Using the Generation Script
The scripts/generate_image.py script handles all Replicate API interactions with proper error handling and polling.
Basic usage:
python scripts/generate_image.py "a sunset over mountains" --output sunset.jpg
With image input:
python scripts/generate_image.py "make this look like a watercolor" \
--image-input https://example.com/photo.jpg \
--output watercolor.jpg
With multiple images:
python scripts/generate_image.py "combine these styles" \
--image-input https://example.com/img1.jpg \
--image-input https://example.com/img2.jpg \
--output combined.jpg
Custom aspect ratio:
python scripts/generate_image.py "a wide landscape" \
--aspect-ratio 21:9 \
--output landscape.jpg
PNG output:
python scripts/generate_image.py "transparent logo concept" \
--output-format png \
--output logo.png
Important Implementation Details
Image URL Requirements
Replicate requires images to be uploaded to their file hosting service. The script automatically handles this:
- If the input is a URL from any domain, the script downloads and re-uploads to Replicate
- If the input is a local file path, the script reads and uploads to Replicate
- This ensures compatibility with the Nanobanana model's requirements
Error Handling
The script includes comprehensive error handling:
- API authentication failures (missing or invalid
REPLICATE_API_KEY) - Network timeouts and connection errors
- Invalid image URLs or file paths
- Model execution failures with helpful error messages
Output Files
Generated images are saved to the specified output path. If no output path is specified, the script saves to ./generated_image_{timestamp}.jpg in the current directory.
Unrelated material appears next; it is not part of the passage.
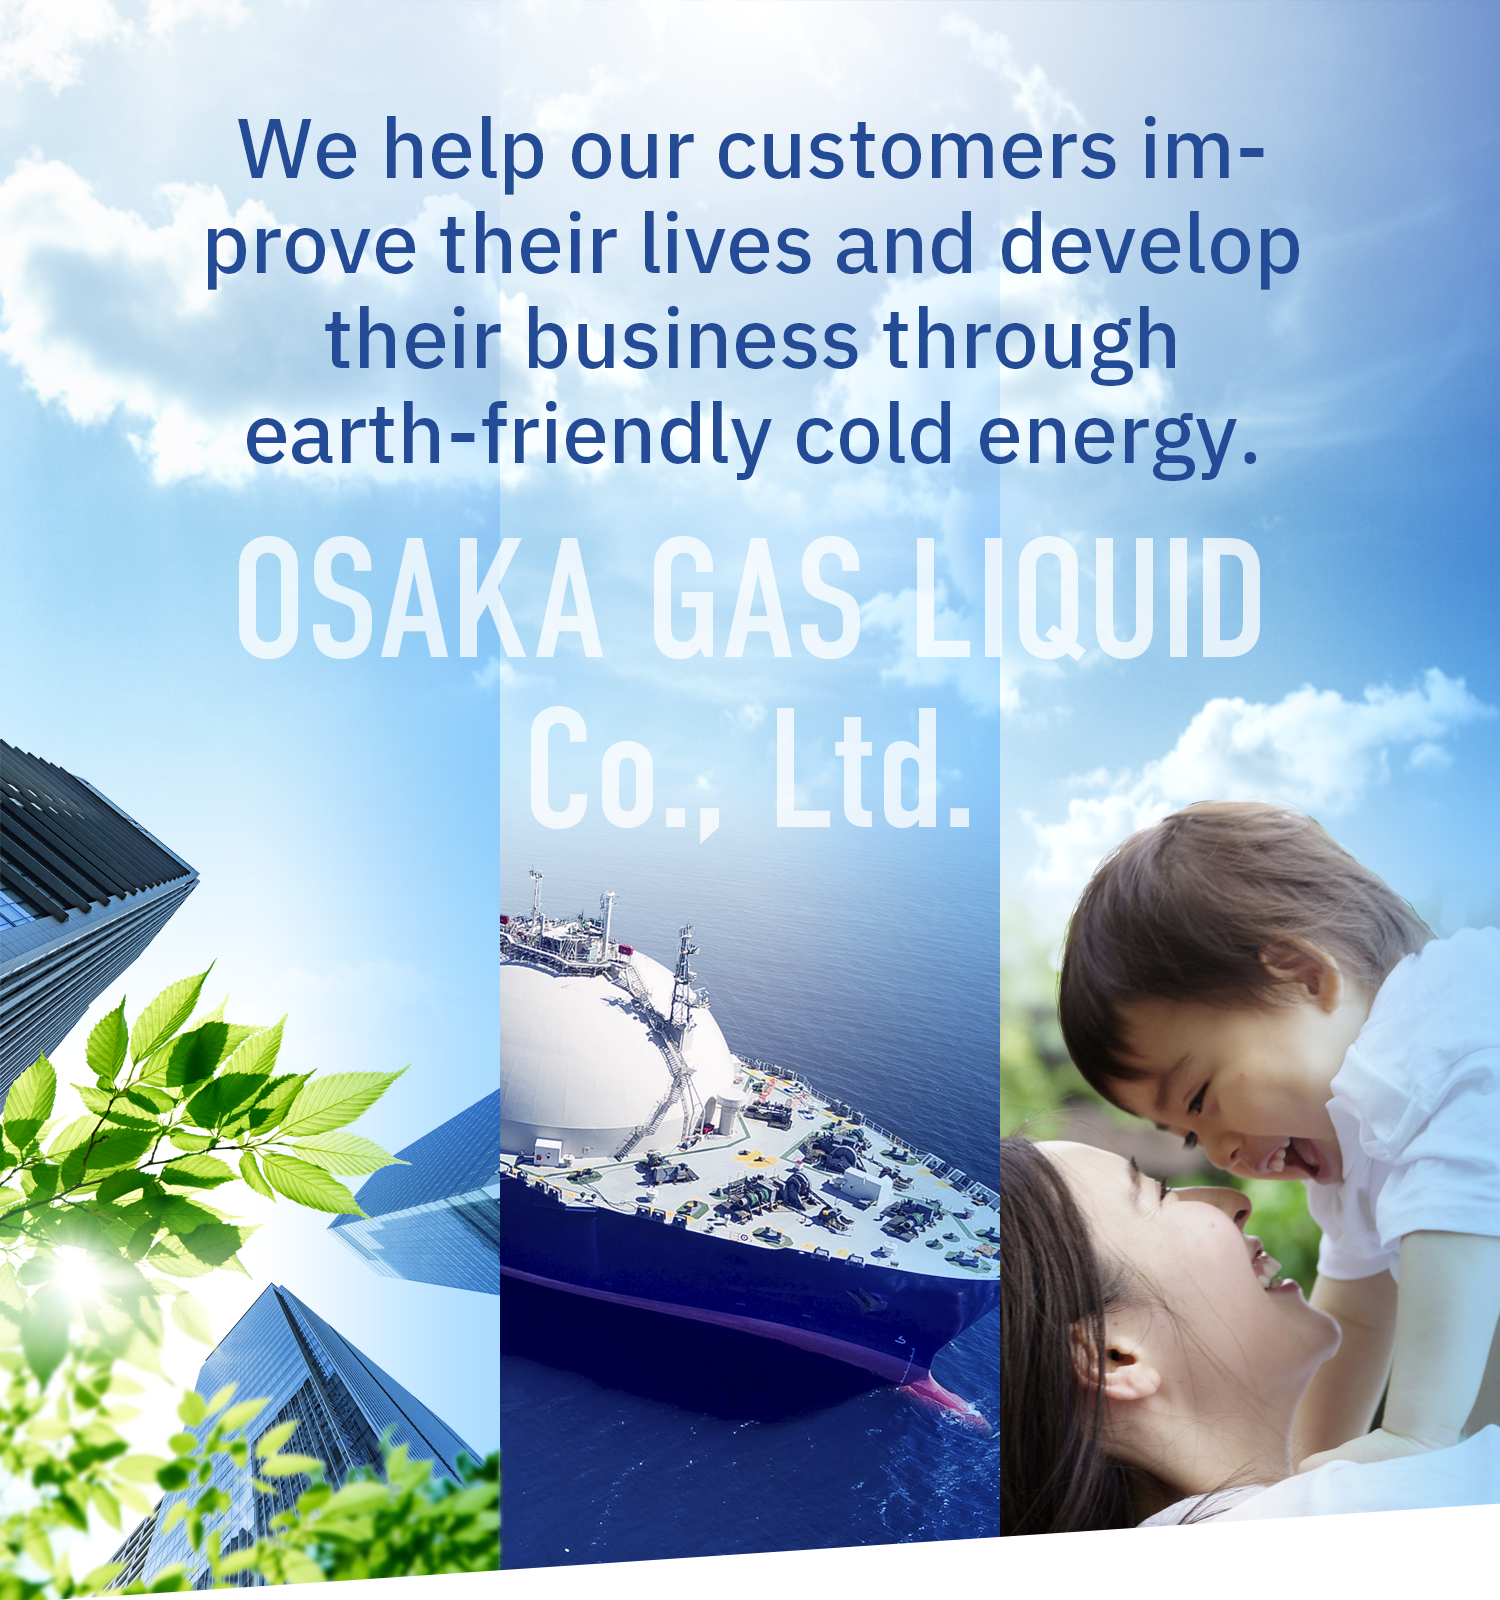 We help our customers improve their lives and develop their business through earth-friendly cold energy.

Performance Considerations
- Image generation typically takes 5-15 seconds depending on complexity
- The script uses polling with appropriate intervals (configurable)
- Progress indicators show generation status
- Timeout is set to 5 minutes by default to handle complex generations
API Reference
For detailed information about the Nanobanana model parameters, capabilities, and best practices, refer to references/nanobanana-api.md.
Environment Setup
Ensure the REPLICATE_API_KEY environment variable is set:
export REPLICATE_API_KEY="your-api-key-here"
Get an API key from https://replicate.com/account/api-tokens
Common Pitfalls
- Image URLs not publicly accessible: Ensure input images are either publicly accessible URLs or properly uploaded to Replicate's file hosting
- Missing API key: The script will fail if
REPLICATE_API_KEYis not set in the environment - Aspect ratio mismatch: When using
match_input_image, ensure at least one input image is provided - File path issues: Always use absolute paths or properly resolve relative paths for local image files
Best Practices
- Descriptive prompts: More detailed prompts generally produce better results (e.g., "a serene mountain lake at sunset with pine trees in the foreground" vs "a lake")
- Appropriate aspect ratios: Choose aspect ratios that match the intended use case
- Image quality: When using image inputs, higher quality source images generally produce better results
- Iterative refinement: Generate multiple variations by adjusting prompts to find the best result
- Output format: Use PNG for images requiring transparency, JPG for photographs and general images (smaller file size)